[논문 Summary] InstructPix2Pix (2023 CVPR) "InstructPix2Pix: Learning to Follow Image Editing Instructions"

논문 정보

Citation : 2023.05.01 월요일 기준 34회

저자

Tim Brooks, Aleksander Holynski, Alexei A. Efros - University of California, Berkeley

논문 링크

Official

Arxiv

https://arxiv.org/abs/2211.09800

InstructPix2Pix: Learning to Follow Image Editing Instructions

We propose a method for editing images from human instructions: given an input image and a written instruction that tells the model what to do, our model follows these instructions to edit the image. To obtain training data for this problem, we combine the

arxiv.org

논문 Summary

Abstract

https://instruct-pix2pix.timothybrooks.com/instruct-pix2pix.mp4

0. 설명 시작 전 Overview

language model(GPT-3)과 text-to-image model(Stable Diffusion) 두 pretrained model을 결합하여 훈련 데이터를 구성하고 conditional diffusion model인 InstructPix2Pix를 통해 생성된 데이터로 훈련시킨다. 실제 이미지들과 user-written 지시들을 inference time동안 일반화시켜 사용한다.

추가적인 별도의 fine-tuning이나 inversion을 요구하지 않음. 빠름.

1. Introduction

Image editing을 위해 human-written instruction을 따르는 generative model을 훈련시키기 위한 방법을 제안

paired training data를 위해 language model(GPT-3)과 text-to-image model(Stable Diffusion) 두 pretrained model을 결합하여 생성.

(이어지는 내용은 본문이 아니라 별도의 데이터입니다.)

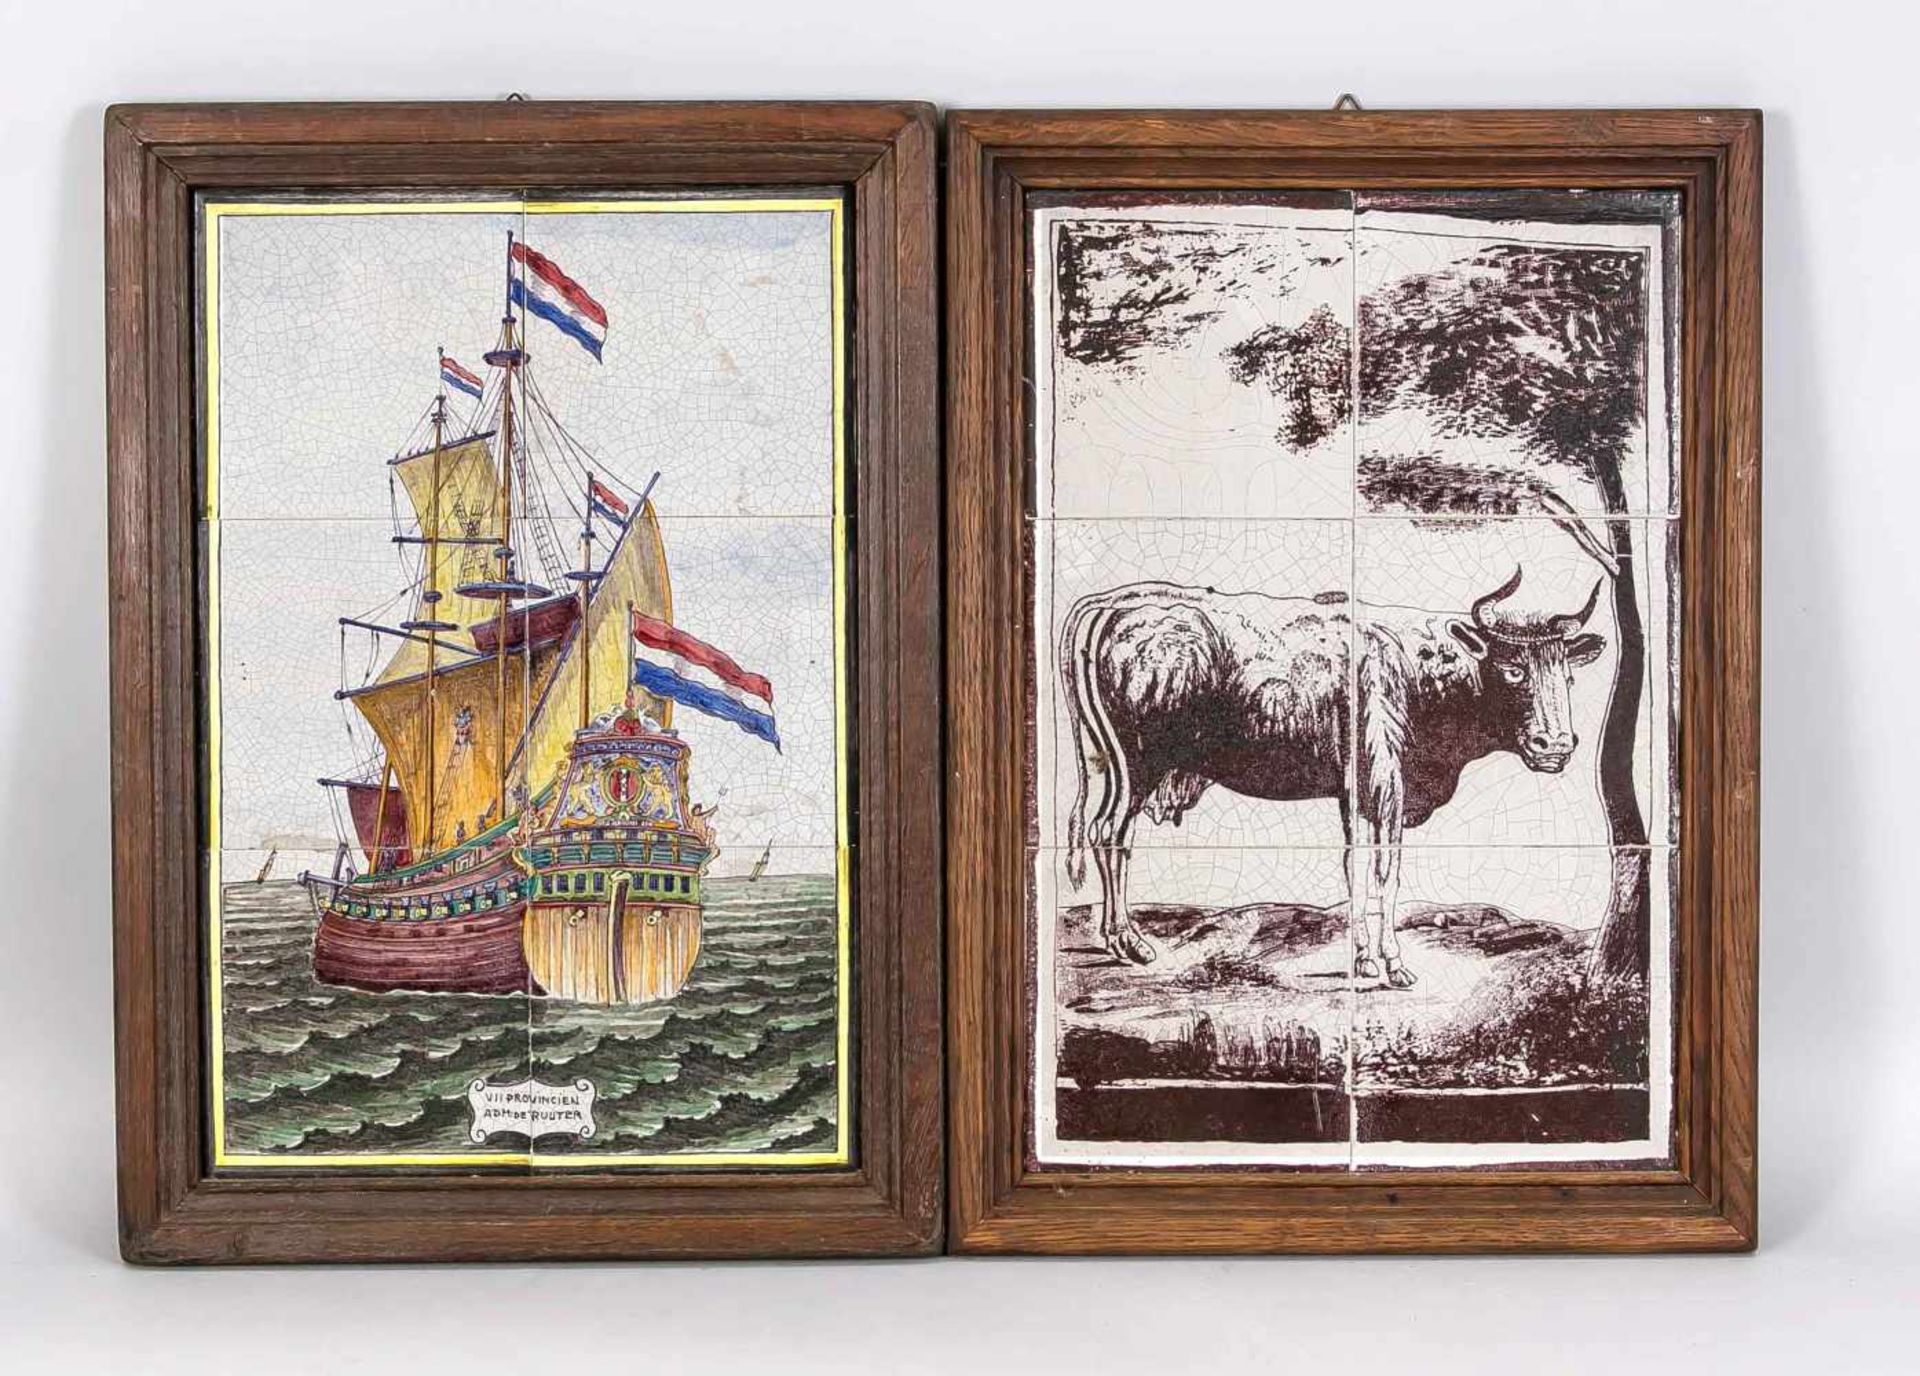 2 Fliesenbilder im alten Stil, Niederlande (Makkum), 20. Jh., 1 x hochformatig, bestehend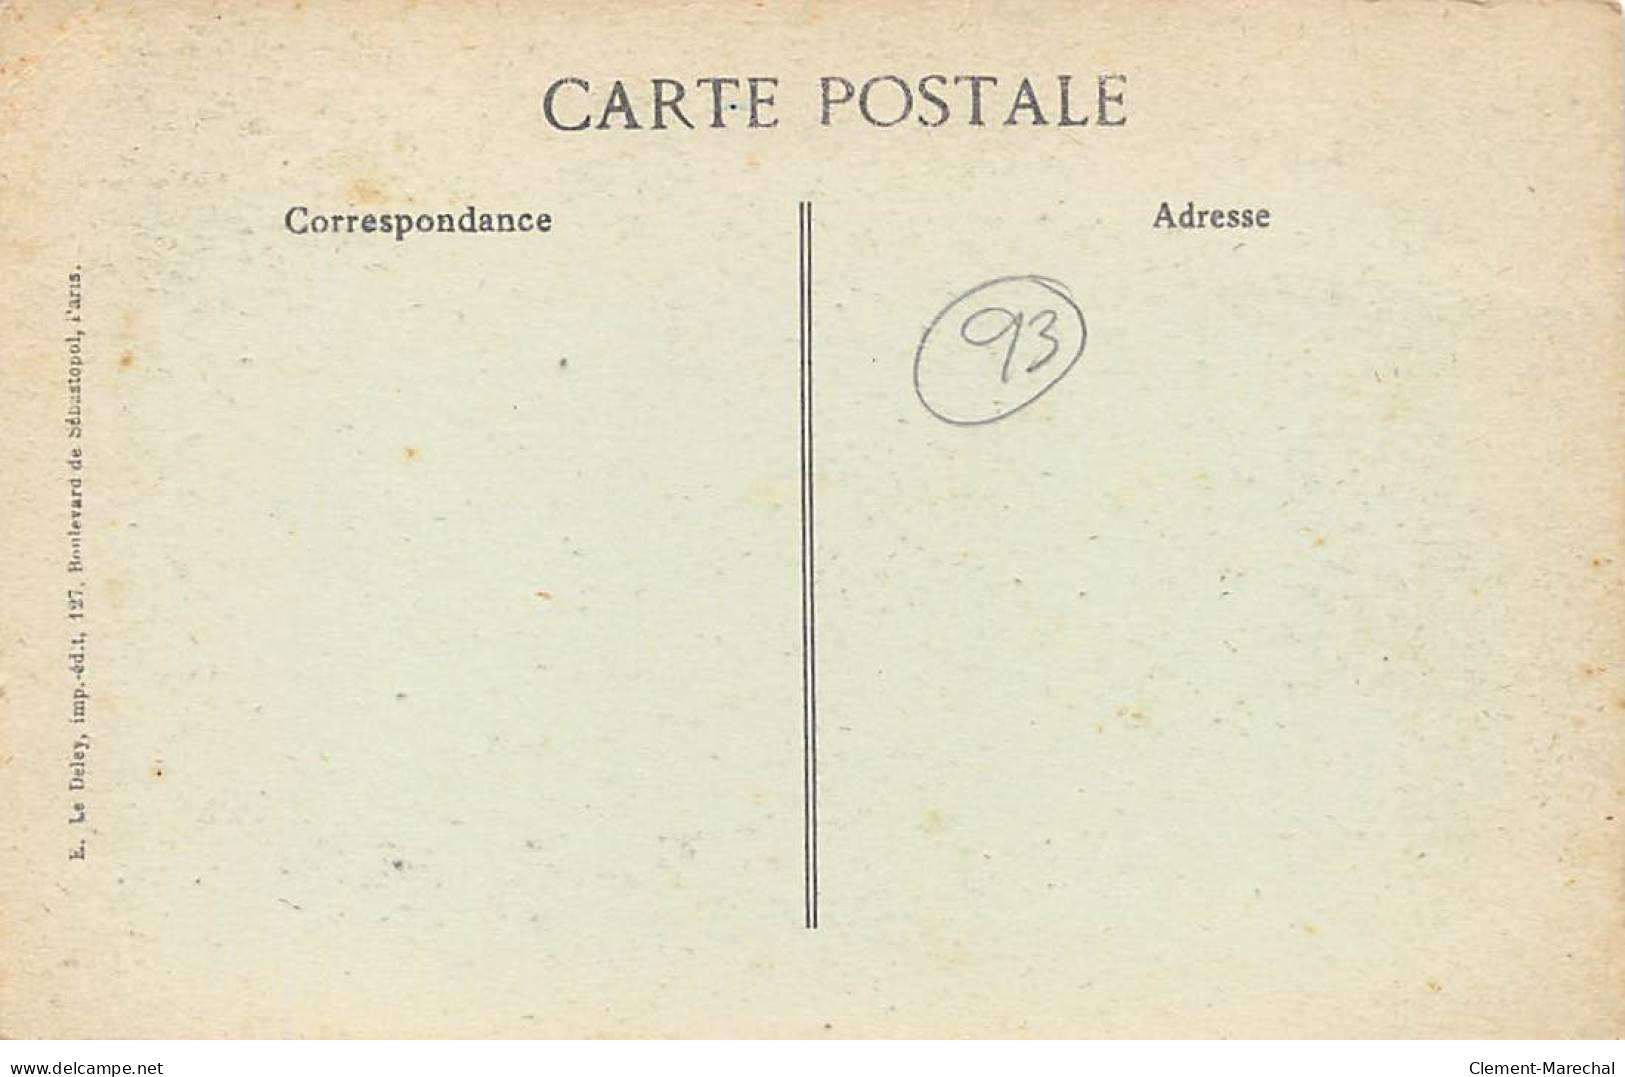 Catastrophe De LA COURNEUVE - 15 Mars 1918 - Très Bon état - La Courneuve

생성된 paired data를 사용하여 conditional diffusion model에서 훈련함.

모델은 forward pass에서의 image edit이기 때문에 추가적인 예시 이미지가 필요하지 않고 example마다의 fine-tuning 역시 필요하지 않다.

본 모델은 임의의 real image와 natural human-written instruction을 통한 zero-shot genratlization을 달성하기에 다양한 edit이 가능하다.

2. Prior work

Composing large pretrained models

GPT3, Stable Diffusion 이 모델들을 활용해 paired multi-modal training data를 생성하는데 사용함.

Diffusion-based generative models

다양한 generative modalities 수행.

Generative models for image editing

본 모델은 단일 이미지와 instruction을 가지고 어떻게 이미지를 수정하는지 수행.

특별한 user가 그린 mask, 추가적인 이미지 또는 example마다의 inversion/fine-tuning 없이 forward pass에 대한 edit을 수행.

Learning to follow instructions

Training data generation with generative models

저자들은 두 generative model(language, text-to-image)를 사용하여 훈련 데이터를 생성하기 위해 사용

3. Methods

(1) paired training dataset 생성

(2) 생성된 dataset으로 image editing diffusion model 훈련

생성된 이미지와 editing instruction으로 훈련시켰음에도 불구하고, 본 모델은 임의의 human-written instruction을 사용하여 실제 이미지들을 editing하고 일반화할 수 있다.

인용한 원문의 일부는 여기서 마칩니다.